We don't want to create a Booking instant with a constructor with many parameters. That's why we have implemented a design pattern called builder. As you can see, the builder has methods like "withFirstName" to specify a value for attributes. Ultimately, we use the "build" method to create an instance of Booking with the builder's data. We still want to be able to deserialize; that's why we had to add a constructor without a parameter. Also, we want to have some test data, so we have used the JavaFaker library. Let's implement a test and use the updated class.

@Test
public void createBooking() {
        Booking booking = new Booking.BookingBuilder()
                .withDepositpaid()
                .withBookingdates(
                      new Date(2024, 01, 15), new Date(2024, 01, 30))
                .withAdditionalneeds("early check in").build();
        int bookingId = given().
                baseUri("https://restful-booker.herokuapp.com").
                contentType("application/json").
                body(booking).
        when().
                post("/booking").
        then().
                log().all().
                extract().response().jsonPath().getInt("bookingid");
        assertThat(bookingId).isGreaterThan(0);
}

During the test, we made an instant booking using the default values and modified only some attributes. We then retrieved the booking ID from the response code. You can also verify other aspects, such as ensuring that the values of a created booking match the expected values.

Lombok

As you can see, we had to write many code in the Booking and BookingDates classes. However, using the Lombok library can significantly reduce the number of code lines. Let's take a look at the updated BookingDates class.

@Data
public class BookingDates {
    @JsonFormat(shape = JsonFormat.Shape.STRING, pattern = "yyyy-MM-dd")
    @JsonProperty("checkin")
    private Date checkIn;

    @JsonFormat(shape = JsonFormat.Shape.STRING, pattern = "yyyy-MM-dd")
    @JsonProperty("checkout")
    private Date checkOut;

    public BookingDates() {}

    public BookingDates(Date checkIn, Date checkOut) {
        this.checkIn = checkIn;
        this.checkOut = checkOut;
    }
}

Thanks to @Data annotation, we don't have to write getters and setters.

@Data
@Builder
@NoArgsConstructor
@AllArgsConstructor
public class Booking {

    private static Faker faker = new Faker();
    @Builder.Default
    private String firstname = faker.name().firstName();

    @Builder.Default
    private String lastname = faker.name().lastName();

    @Builder.Default
    private int totalprice = 1000;

    @Builder.Default
    private boolean depositpaid = false;

    @Builder.Default
    private BookingDates bookingdates = new BookingDates(
            new GregorianCalendar(2024, Calendar.JANUARY, 15).getTime(),
            new GregorianCalendar(2024, Calendar.JANUARY, 30).getTime());

    @Builder.Default
    private String additionalneeds = "N/A";
}

In Booking, we also don't have to write setters and getters. Also, we want to use extra annotation instead of a builder. In this situation, we use @Builder. There are also annotations for constructors, like @NoArgsConstructor and @AllArgsConstructor. We want to have the default data, so @Builder.Default will also be helpful. You can also still use your builder but need other annotations.

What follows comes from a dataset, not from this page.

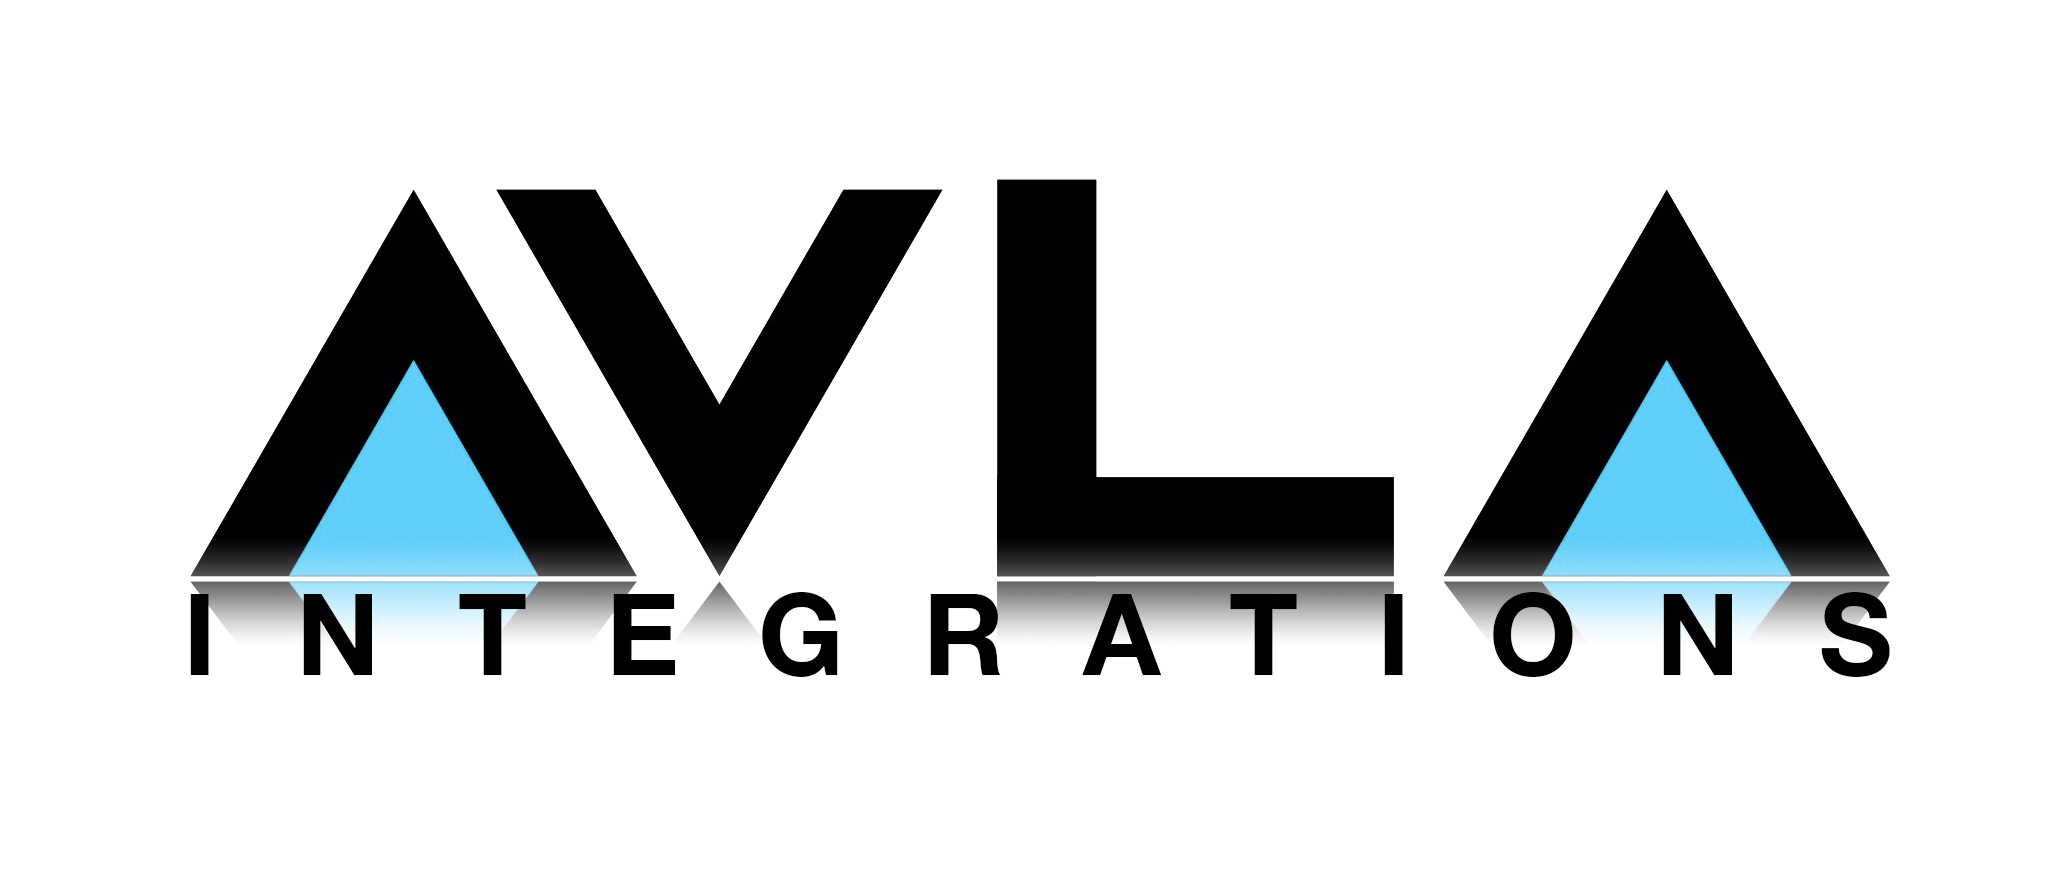 AVLA Logo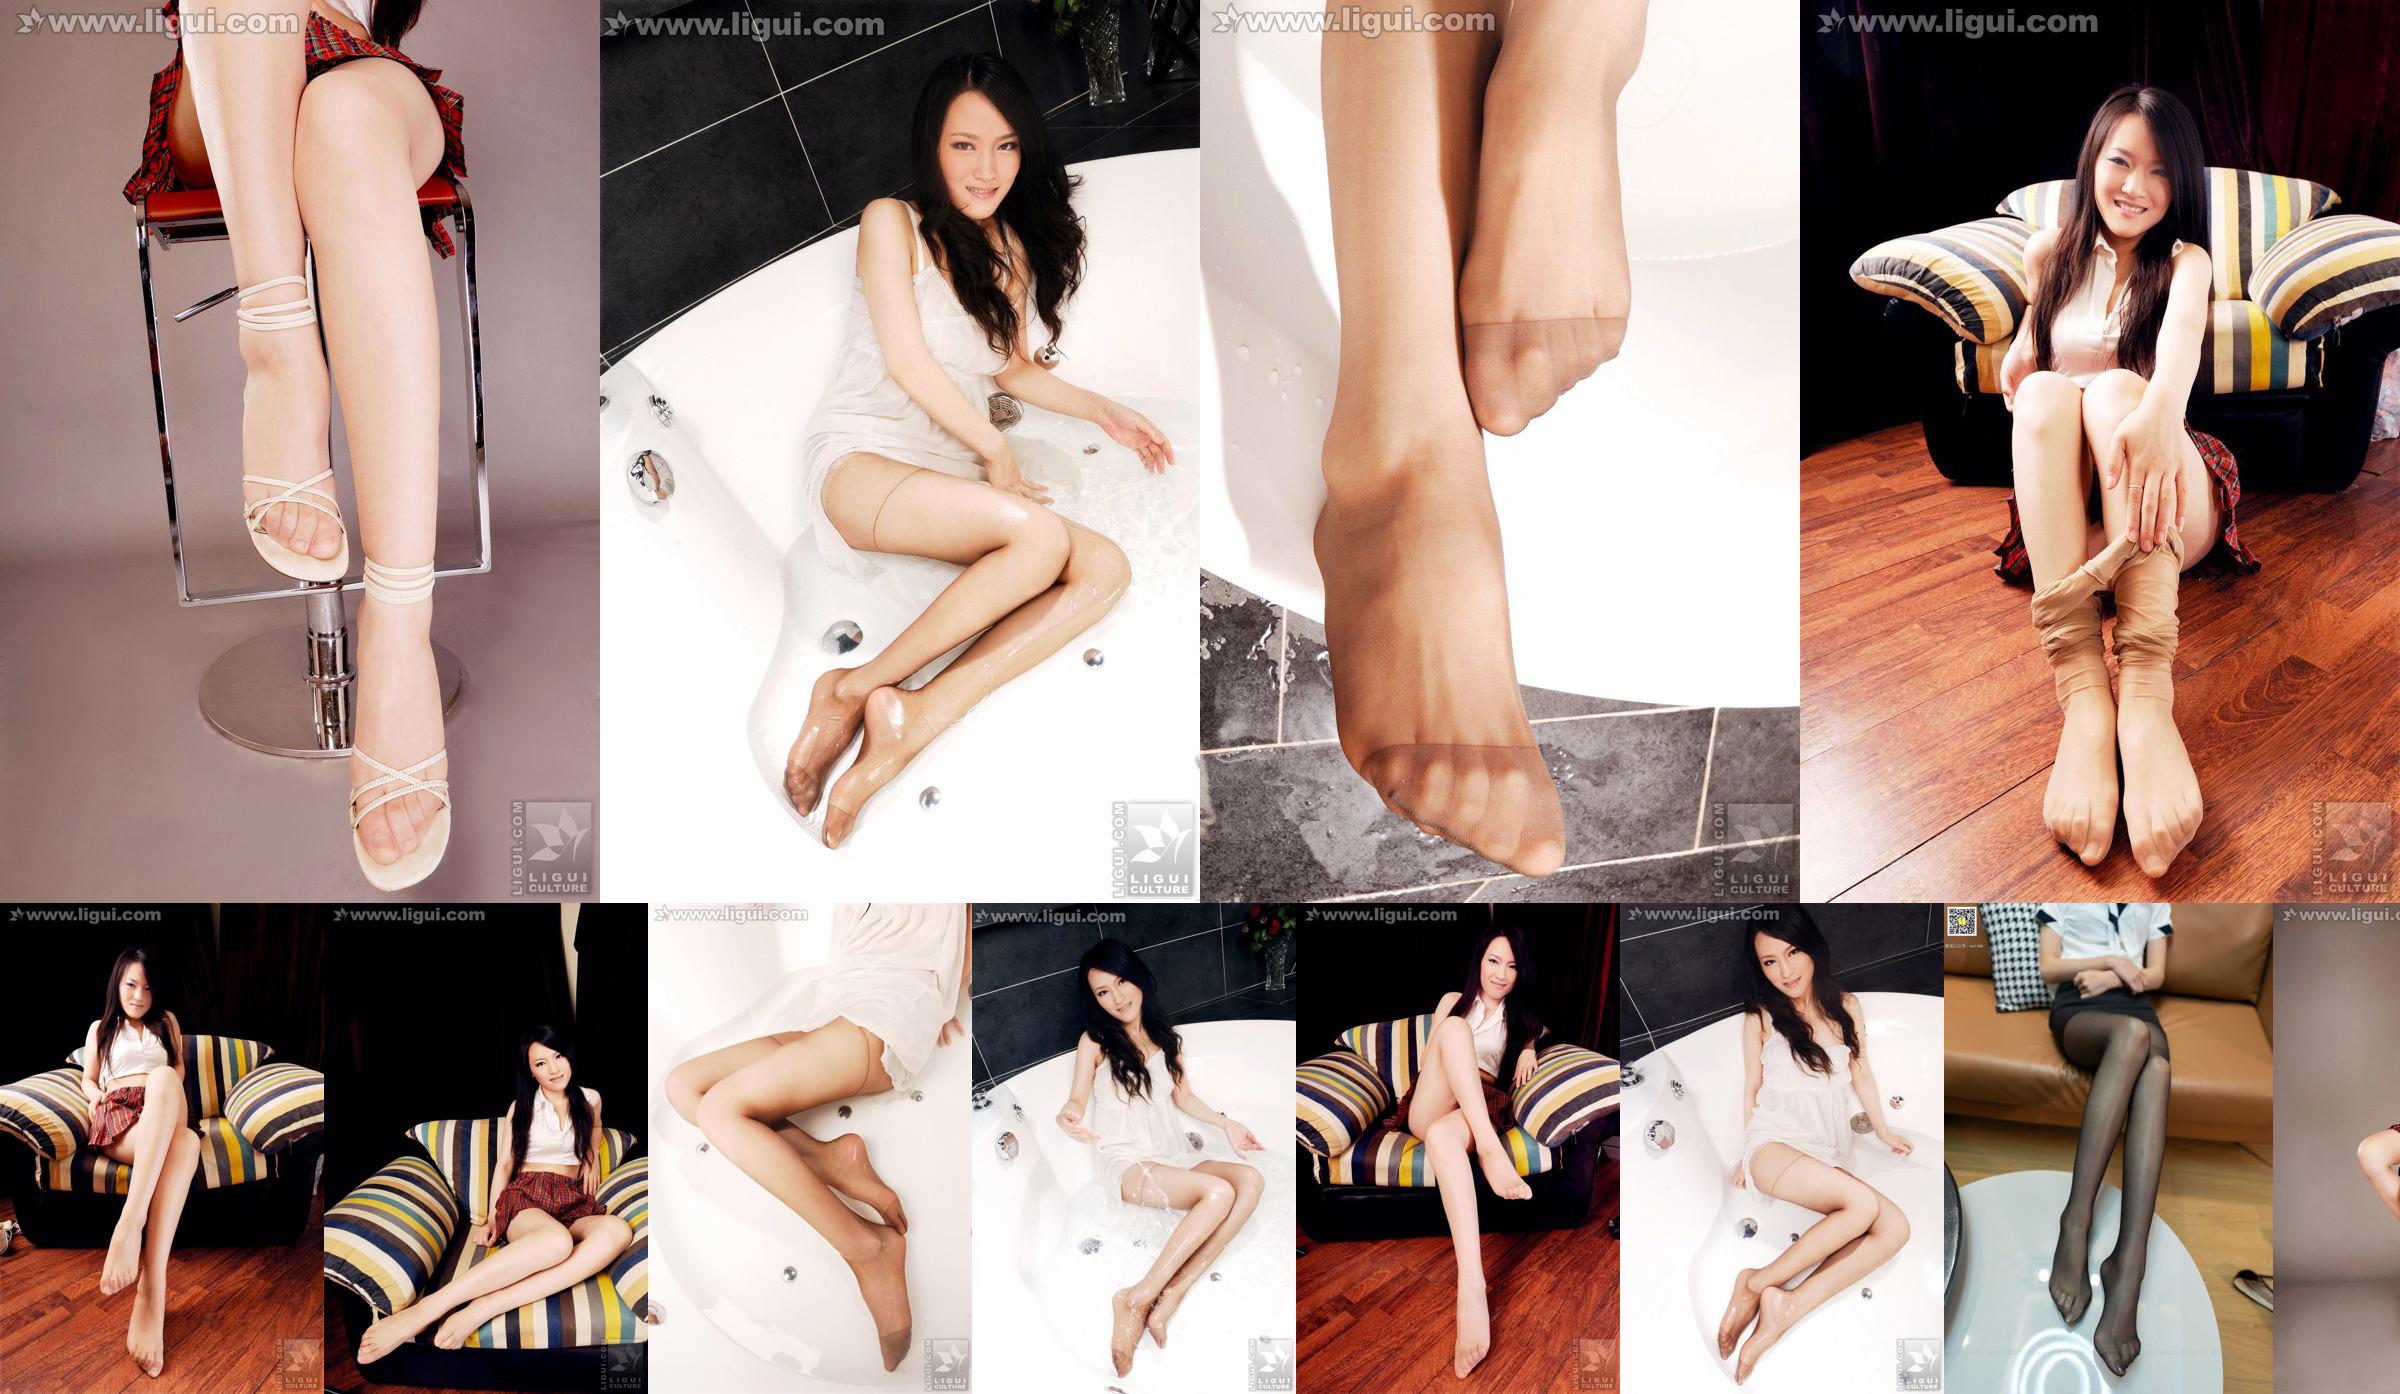 Modelo Wen Ting "Meias de carne doces e fofas com salto alto" [丽 柜 LiGui] Foto de belas pernas e pés de jade No.7184c4 Página 3

Now, look at the updated test with the default builder.

@Test
    public void createBooking() {
        var dates = new BookingDates(new GregorianCalendar(2024, Calendar.JANUARY, 15).getTime(),
                new GregorianCalendar(2024, Calendar.JANUARY, 30).getTime());
        Booking booking = Booking.builder()
                .depositpaid(true)
                .bookingdates(dates)
                .additionalneeds("early check in").build();
        int bookingId = given().
                baseUri("https://restful-booker.herokuapp.com").
                contentType("application/json").
                body(booking).log().all().
        when().
                post("/booking").
        then().
                log().all().
                extract().response().jsonPath().getInt("bookingid");
        assertThat(bookingId).isGreaterThan(0);
    }

As you can see, we have builder() and can set values with methods with property names.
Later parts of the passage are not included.